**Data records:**
----

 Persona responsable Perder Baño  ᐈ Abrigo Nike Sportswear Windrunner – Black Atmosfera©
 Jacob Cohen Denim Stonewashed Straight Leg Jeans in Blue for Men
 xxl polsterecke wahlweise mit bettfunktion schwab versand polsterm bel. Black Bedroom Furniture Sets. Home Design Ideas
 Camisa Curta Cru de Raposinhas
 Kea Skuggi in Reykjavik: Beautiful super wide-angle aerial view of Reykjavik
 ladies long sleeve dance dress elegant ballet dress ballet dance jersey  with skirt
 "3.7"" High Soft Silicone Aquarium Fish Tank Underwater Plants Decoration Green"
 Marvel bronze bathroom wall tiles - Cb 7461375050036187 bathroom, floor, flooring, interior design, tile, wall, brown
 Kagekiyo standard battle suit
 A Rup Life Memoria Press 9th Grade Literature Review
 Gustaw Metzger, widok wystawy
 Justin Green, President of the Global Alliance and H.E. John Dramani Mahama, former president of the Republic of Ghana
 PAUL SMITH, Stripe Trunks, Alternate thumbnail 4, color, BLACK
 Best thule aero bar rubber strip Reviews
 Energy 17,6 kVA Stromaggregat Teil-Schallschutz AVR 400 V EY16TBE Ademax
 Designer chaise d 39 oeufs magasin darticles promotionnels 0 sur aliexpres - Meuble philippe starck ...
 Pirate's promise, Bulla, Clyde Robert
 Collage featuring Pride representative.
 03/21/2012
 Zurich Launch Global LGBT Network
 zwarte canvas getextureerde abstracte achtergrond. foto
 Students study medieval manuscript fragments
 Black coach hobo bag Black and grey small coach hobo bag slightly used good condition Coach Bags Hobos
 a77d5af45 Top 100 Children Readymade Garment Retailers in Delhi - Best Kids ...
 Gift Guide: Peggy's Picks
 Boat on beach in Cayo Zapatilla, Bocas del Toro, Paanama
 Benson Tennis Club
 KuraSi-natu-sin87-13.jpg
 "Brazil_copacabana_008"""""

----

**PROBLEM REQUIREMENTS:**
The records above need to be transcribed in full. Keep every character unchanged.

**WRITTEN ANSWER:**
 Persona responsable Perder Baño  ᐈ Abrigo Nike Sportswear Windrunner – Black Atmosfera©
 Jacob Cohen Denim Stonewashed Straight Leg Jeans in Blue for Men
 xxl polsterecke wahlweise mit bettfunktion schwab versand polsterm bel. Black Bedroom Furniture Sets. Home Design Ideas
 Camisa Curta Cru de Raposinhas
 Kea Skuggi in Reykjavik: Beautiful super wide-angle aerial view of Reykjavik
 ladies long sleeve dance dress elegant ballet dress ballet dance jersey  with skirt
 "3.7"" High Soft Silicone Aquarium Fish Tank Underwater Plants Decoration Green"
 Marvel bronze bathroom wall tiles - Cb 7461375050036187 bathroom, floor, flooring, interior design, tile, wall, brown
 Kagekiyo standard battle suit
 A Rup Life Memoria Press 9th Grade Literature Review
 Gustaw Metzger, widok wystawy
 Justin Green, President of the Global Alliance and H.E. John Dramani Mahama, former president of the Republic of Ghana
 PAUL SMITH, Stripe Trunks, Alternate thumbnail 4, color, BLACK
 Best thule aero bar rubber strip Reviews
 Energy 17,6 kVA Stromaggregat Teil-Schallschutz AVR 400 V EY16TBE Ademax
 Designer chaise d 39 oeufs magasin darticles promotionnels 0 sur aliexpres - Meuble philippe starck ...
 Pirate's promise, Bulla, Clyde Robert
 Collage featuring Pride representative.
 03/21/2012
 Zurich Launch Global LGBT Network
 zwarte canvas getextureerde abstracte achtergrond. foto
 Students study medieval manuscript fragments
 Black coach hobo bag Black and grey small coach hobo bag slightly used good condition Coach Bags Hobos
 a77d5af45 Top 100 Children Readymade Garment Retailers in Delhi - Best Kids ...
 Gift Guide: Peggy's Picks
 Boat on beach in Cayo Zapatilla, Bocas del Toro, Paanama
 Benson Tennis Club
 KuraSi-natu-sin87-13.jpg
 "Brazil_copacabana_008"""""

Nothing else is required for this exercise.